New York: Researchers have identified a new subtype of prostate cancer that occurs in about seven percent of patients with advanced disease.

The subtype is characterized by loss of the gene CDK12. It was found to be more common in metastatic prostate cancer compared to early-stage tumors that had not spread, said the study published in the journal Cell.

"Because prostate cancer is so common, seven percent is a significant number," said senior study author Arul Chinnaiyan from the University of Michigan in the US. 

Tumors in which CDK12 was inactivated were responsive to immune checkpoint inhibitors, a type of immunotherapy treatment that has overall had limited success in prostate cancer, the study said.

"The fact that immune checkpoint inhibitors may be effective against this sub-type of prostate cancer makes it even more significant. This is an exciting prospect for patients who have CDK12 alterations and may benefit from immunotherapy," Chinnaiyan added. 

The researchers said they will lead a multisite clinical trial to assess checkpoint inhibitors as a treatment for metastatic prostate cancer with the CDK12 loss.

In this study, the researchers looked at DNA and RNA sequencing data from 360 tumor samples from patients with metastatic castration-resistant prostate cancer. 
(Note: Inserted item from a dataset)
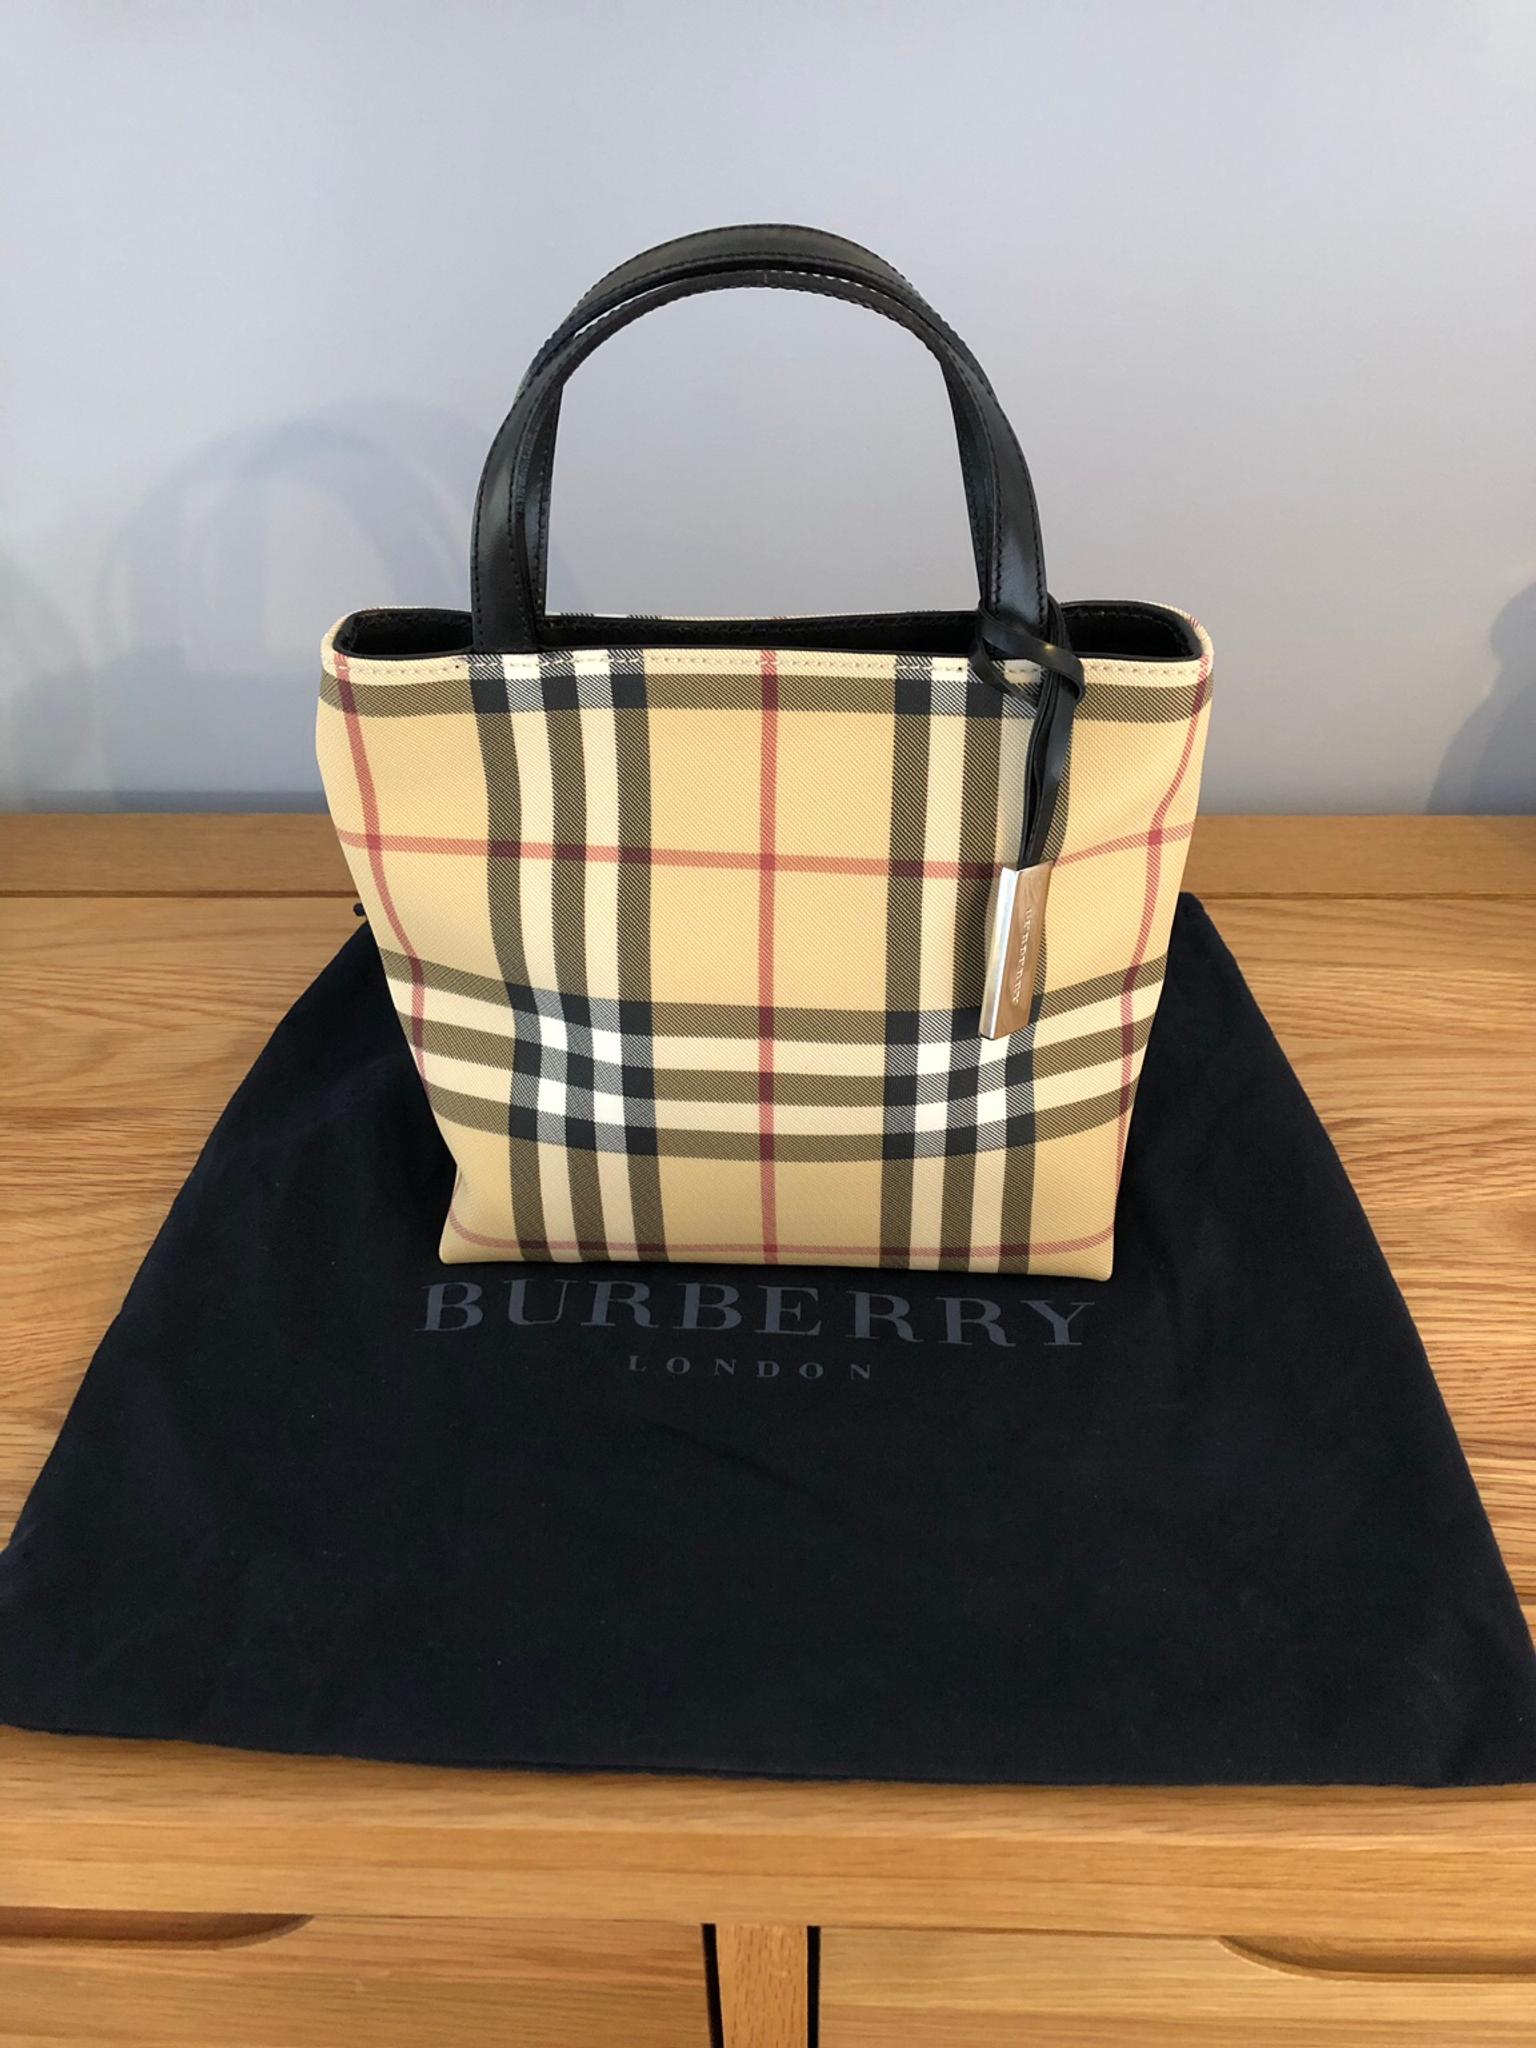 Burberry Small Tote Bag in NN10

This is an aggressive, advanced form of the disease in which cancer has spread throughout the body and no longer responds to traditional hormone-based treatments.

The researchers found the loss of CDK12 in only about one percent of early prostate cancer samples. That jumped to 7 percent for metastatic cancer, which indicates a more aggressive form of the disease.

By following the mechanism of how CDK12 loss impacts the cell, the researchers found a process in which cells create neoantigens that are foreign to the immune system. 

This boosts immune-fighting T-cells, which may explain why these patients benefit from immune checkpoint blockade.